I was reading Slate a few days ago, and over in the sidebar was a link to a Washington Post story about Prince Harry, and even though I honestly don't give a toss about the marriage of his brother, like him a hereditarily rich and powerful person, to the woman he's been seeing on and off for the last few years, I clicked on the link anyway, because Harry is mildly interesting, because without the pressure of being groomed for kingship he appears to be doing something with his life, and also for the obvious fact that unlike his brother he looks quite literally nothing like either of his parents, and is almost certainly not the son of Prince Charles, but instead of James Hewitt.
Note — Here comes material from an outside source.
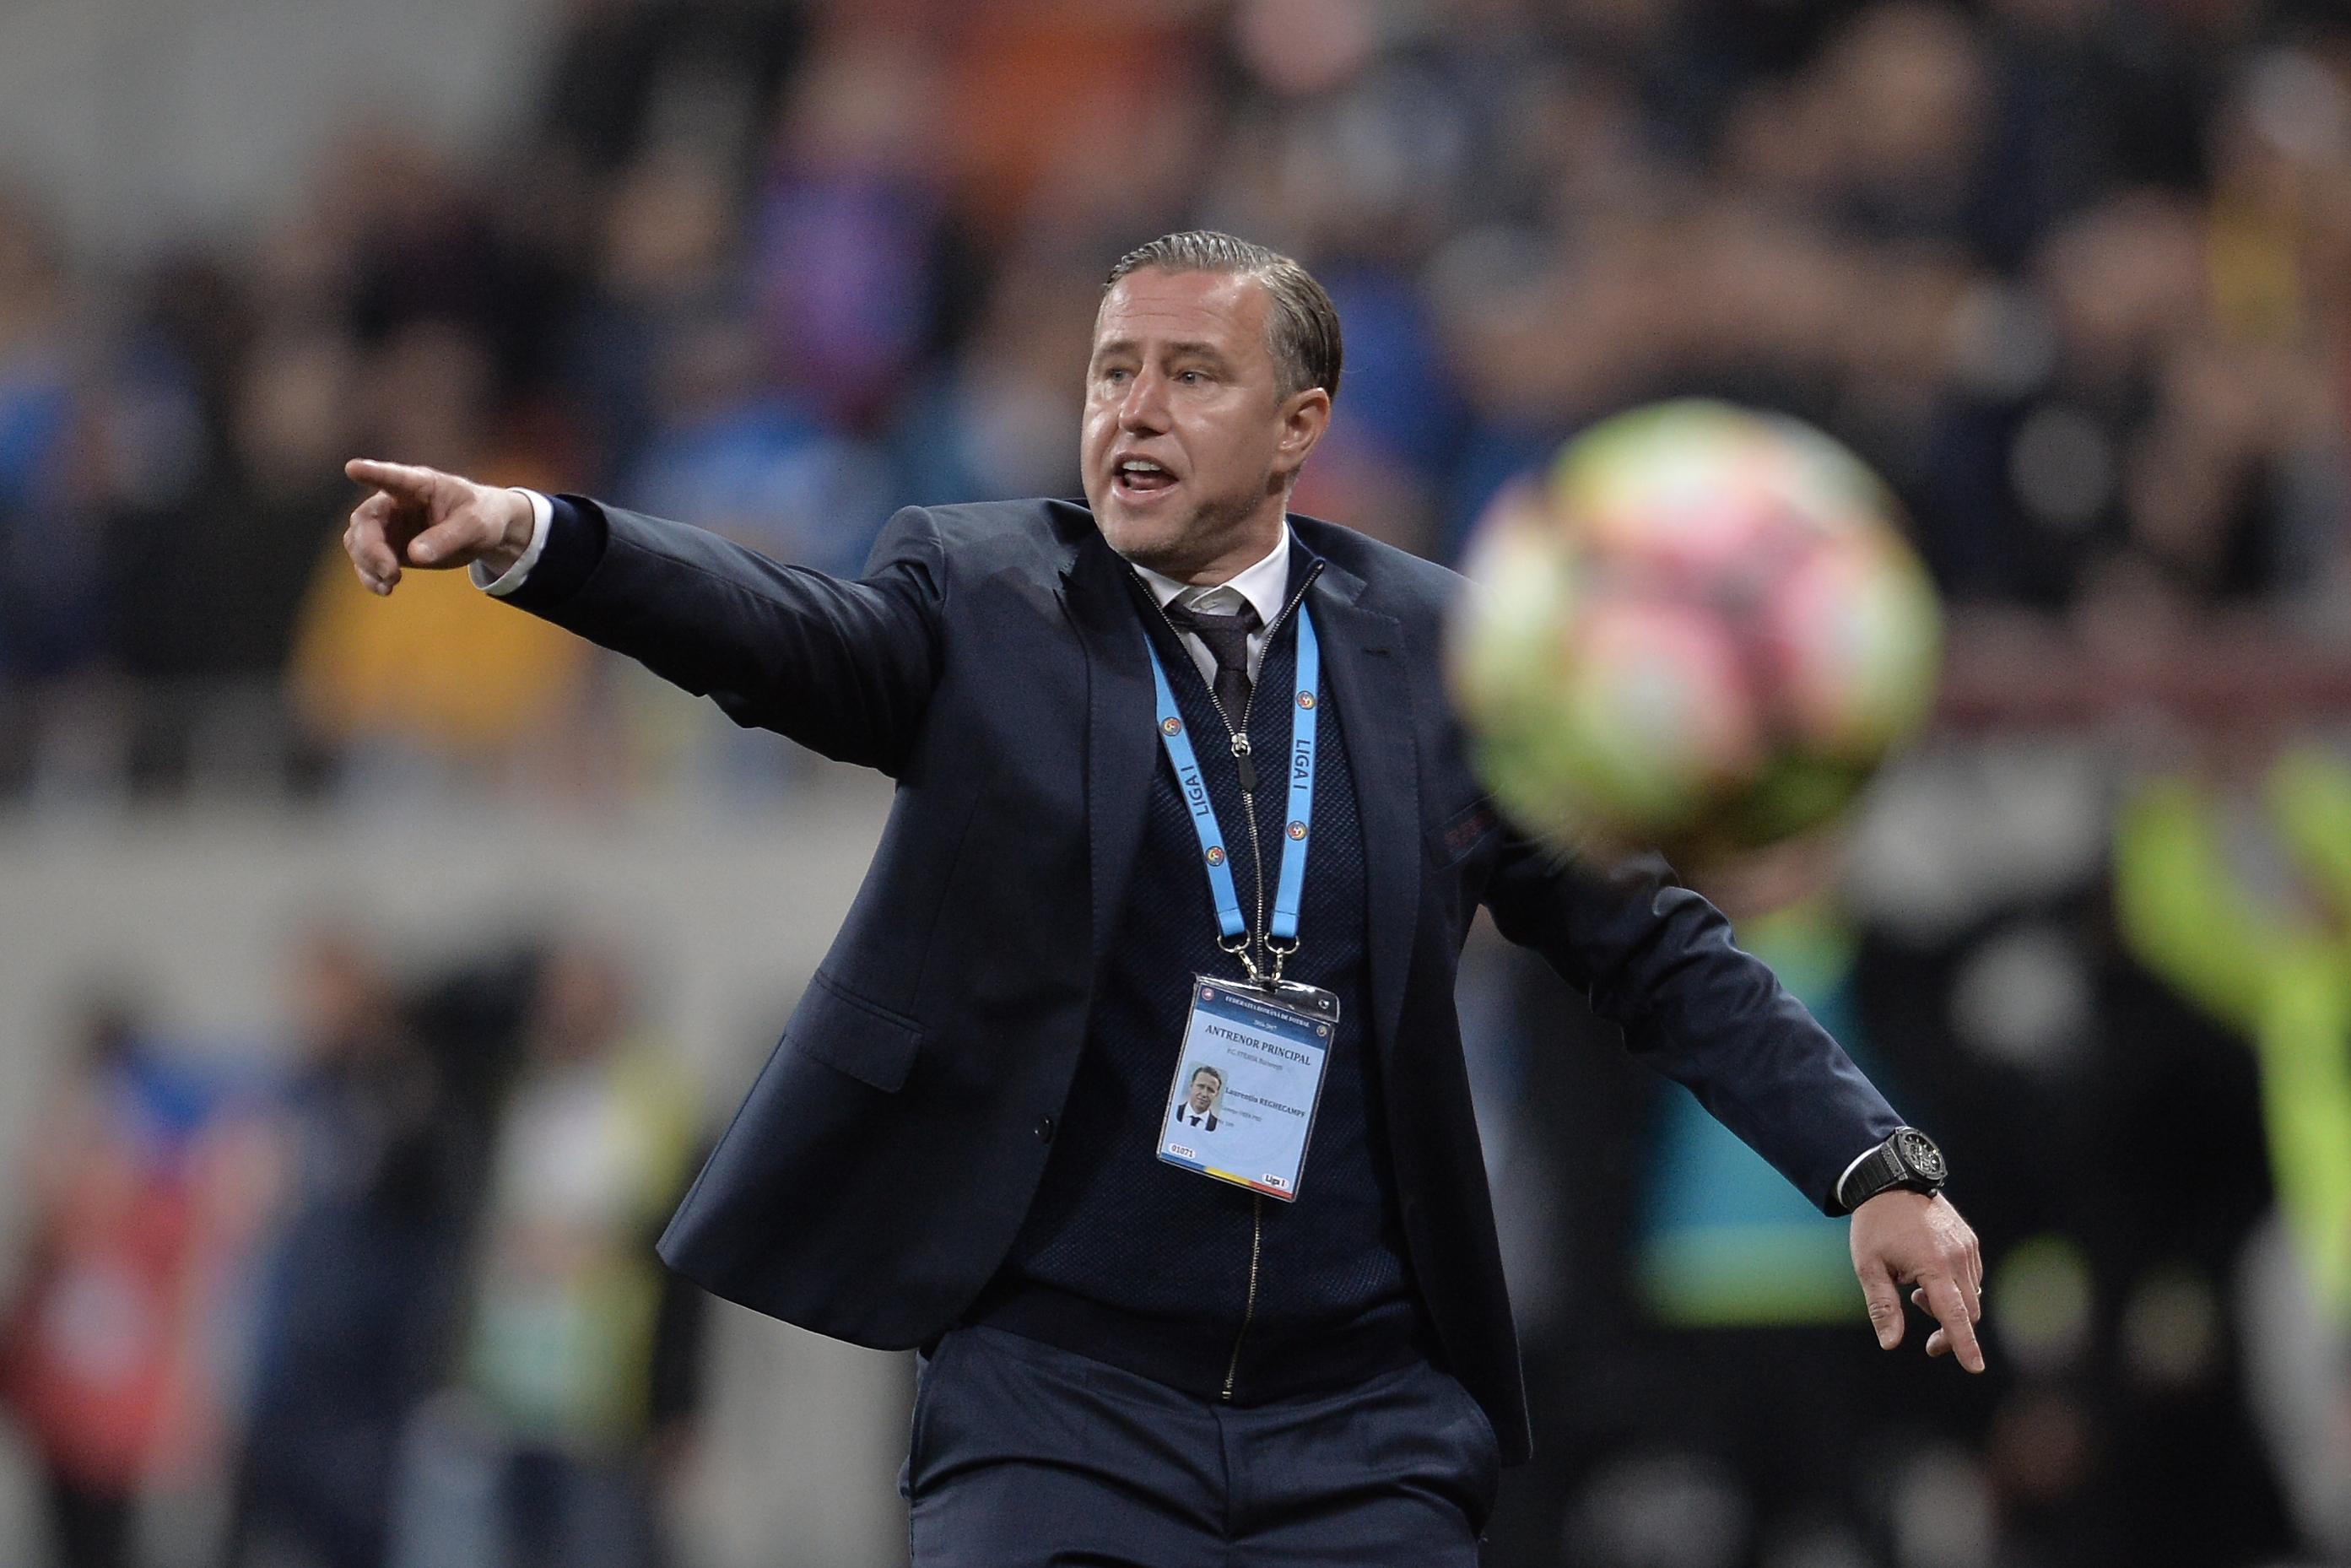 Joia neagră a României în cupele europene la fotbal. Craiova, scoasă de albanezi din Conference(...)

At any rate, the story had some pointless video about wedding dresses captioned as follows:

As London prepares for Britain's Prince William to marry commoner Kate Middleton, bridal shop owners are prepping for the rush of bride-to-be's who may want to copy the soon-to-be princess's style.

What the hell?

What English speaker doesn't instinctively feel that the plural of "bride-to-be" isn't "bride-to-be's", which is wrong in two ways, but "brides-to-be"? What kind of idiot wrote that? And what other idiot let it be published?

In English, it is true, the matter is not completely settled on how to pluralize a compound noun, and never will be: the most usual tack is to pluralize the noun itself, even when the word isn't hyphenated--"passersby"--but Shakespeare wrote "son-in-laws" instead of the more usual "sons-in-law", and some seemingly parallel nouns are pluralized in different ways: "attorneys general" is considered the correct form, but so is "brigadier generals", though they have exactly the same structure. The reason is that "general" is a military title, and in a title such as "brigadier general" or "major-general", both halves are considered nouns rather than one being an adjective as it is with say "governor-general", and the "general" part is the more important and therefore is the one pluralized. Some people disagree with this, so you don't need to take me to task for it if you're one of them, and in fact I don't care which plural you use. I don't even really care if you like the non-standard "passerbys" or "man-o'-wars". If I were your editor I would probably red-pencil them, but in day-to-day use? Do what you like.

Just don't ever, ever use "bride-to-be's". EVER!